Her full name was Yeti Cadesha Jones although we are never sure why – at some point we just started calling her that. The best we can figure, Yeti was a cross between a lab and a greyhound. She was black and barrel chested like a small lab but had the signature torso curve of a greyhound. She was very sweet and about ten years old. She’d been having trouble making it outside when time to go to the bathroom, so we had to move her out there.
It was the First of March and it had been an unusually cold February for Texas. Our kids were still very young – ages two and a half and not quite one – and I had just put them down for a nap. My husband had left to visit some friends and I went out to feed Yeti. I opened the back door and called for her but she didn’t come. I stepped outside, put food in her dish and kept calling. I went and checked her igloo to see if maybe she hadn’t heard me, but she wasn’t in there. My next thought was that she had somehow gotten out of the yard again but the gate was closed.
As I searched around the backyard, I was beginning to get a pit in my stomach. We don’t have a big backyard and it’s not like we have any trees or places to hide out there either. But she’d found a place. I saw her curled up on the side of the shed, in between it and the fence. At first, I felt relief that she was here. I called her name again and she didn’t move. I went up to her and put my hand on her rump to shake her but ended up screaming the kind of panic scream that only comes in moments like this.
I screamed louder and shook her harder but she was cold and stiff. She must have been gone for a while but I hadn’t been out to check on her yet this particular morning. My screams turned to cries of “no” and “please God” but she couldn’t hear me anymore.
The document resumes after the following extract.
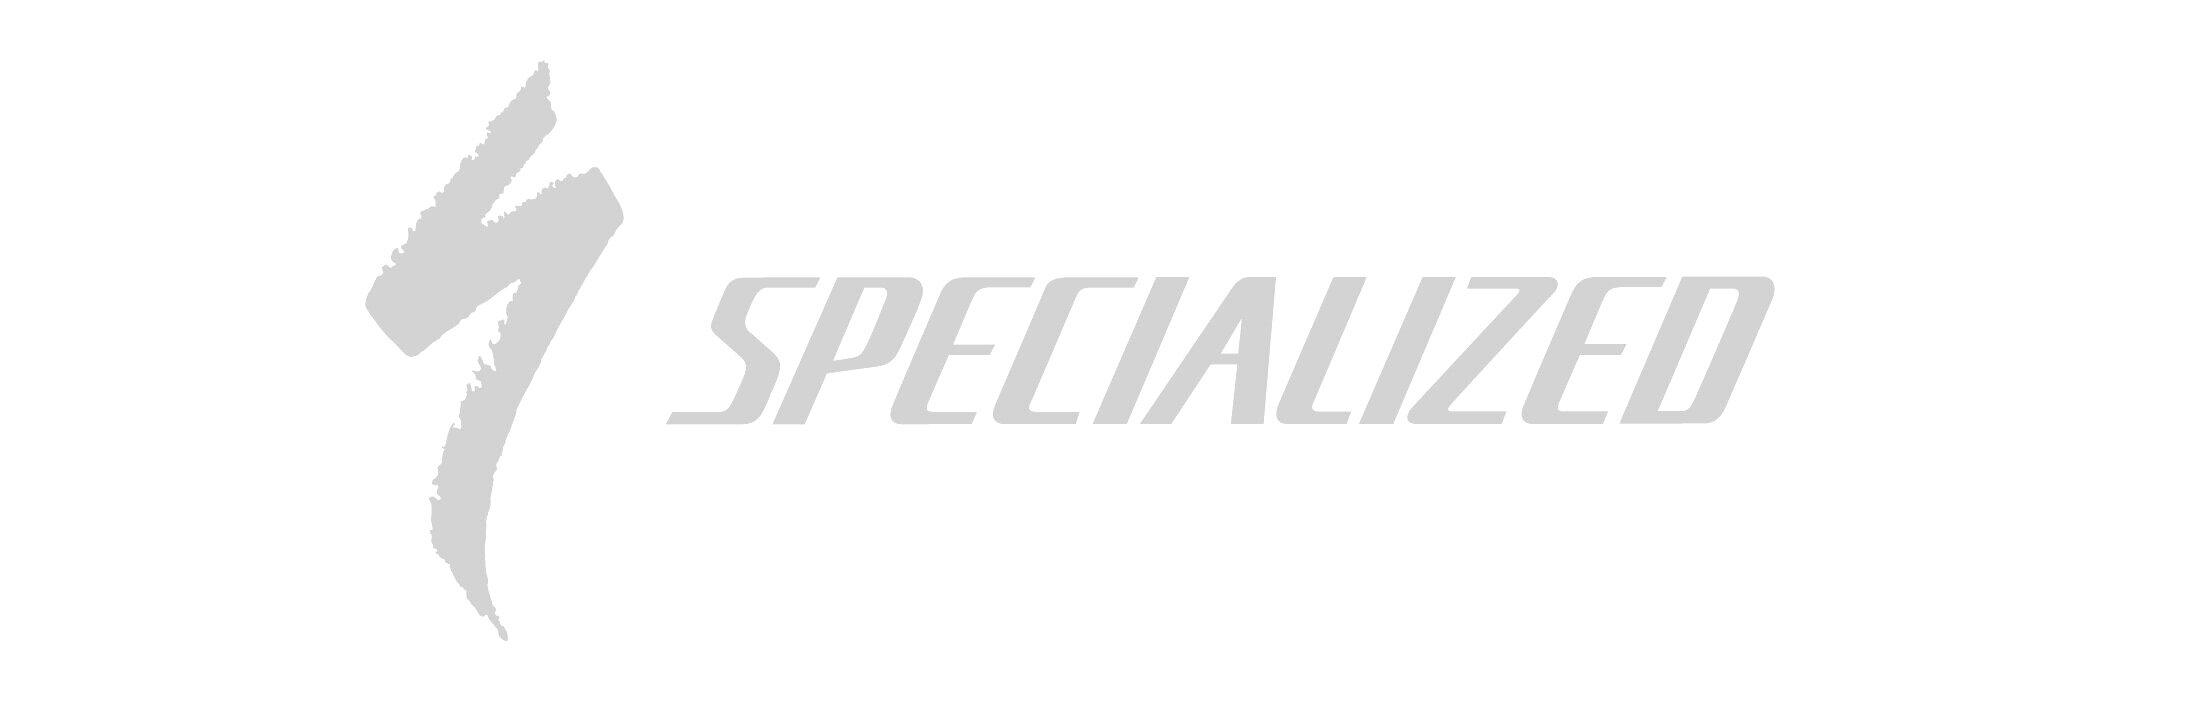 1grey_specialized-logo.png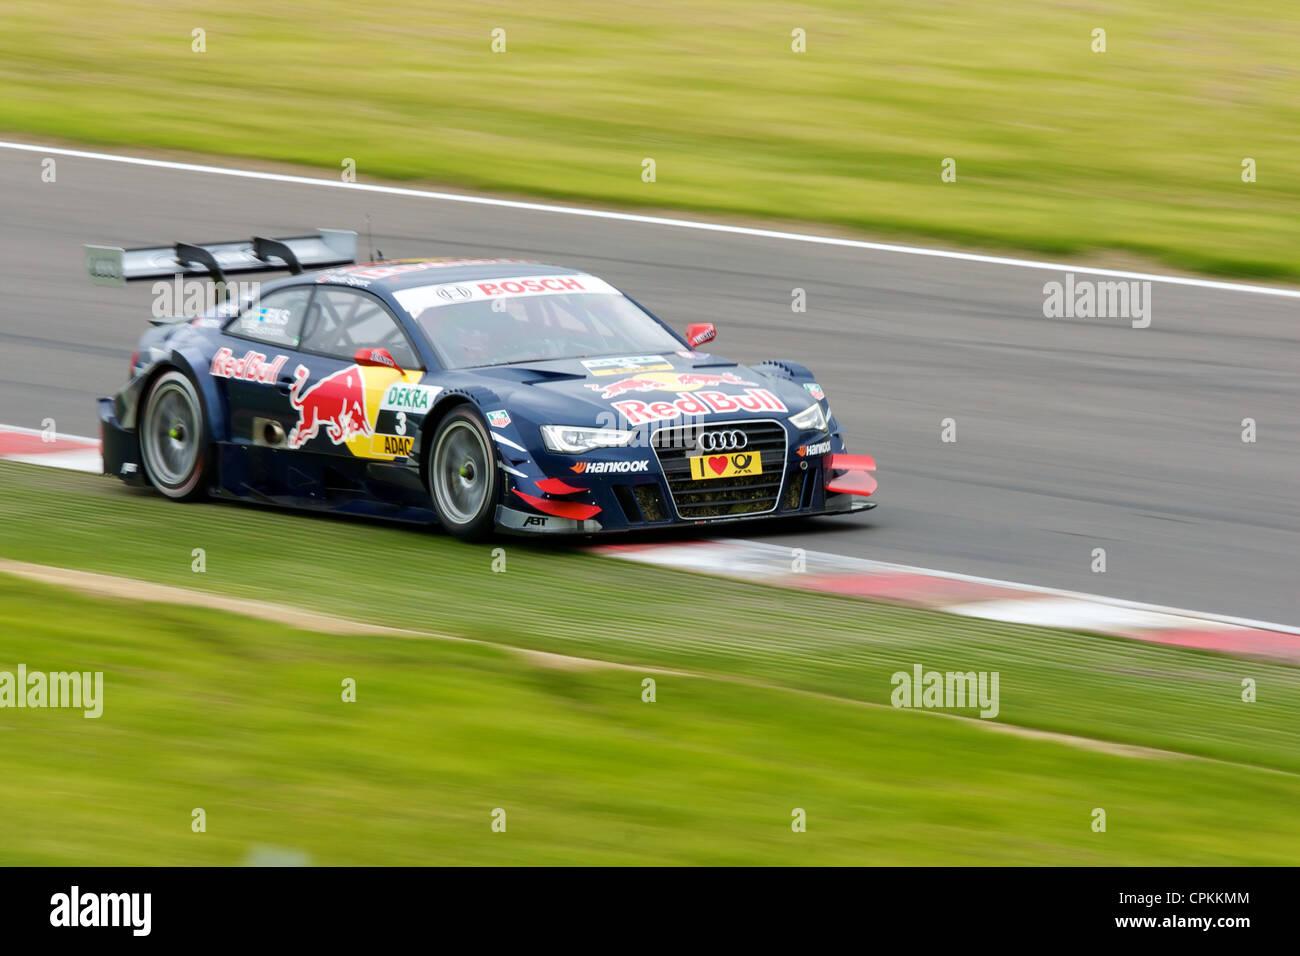 Mattias Ekstrom in an Audi DTM car at Brands Hatch 2012 - Stock Image

I called my husband but he had forgotten to take his phone. She was much too heavy for me to try to move her from where she had crawled. I called another dear friend who just sat on the phone with me while I cried and waited for my husband to come home. I brought Yeti’s blanket over to her, covered her up and sat next to her until I heard my husband’s truck pull up. I couldn’t leave her outside alone, not like this.
I broke down as I told my husband and his face had the incredulous look of “what the hell?” mixed with a pain as if someone had punched him in the stomach. He was the one who brought Yeti home ten years before and asked if we could keep her – she was really his dog. This was going to be very difficult for him, too. The rest of the day happened so very fast.
Later, after we’d been able to bury her in her favorite spot in the backyard, my husband told me to look up at the sky. Wave after wave after wave of black birds were flying overhead. There must have been hundreds of them and they kept flying over our house.
The greyhound in Yeti had made her a runner and this was, to us, our sign that she was flying free no longer hemmed in by our small, fenced backyard. No matter how sad we were, she was telling us it was okay.
It was a sight and a moment I will never forget.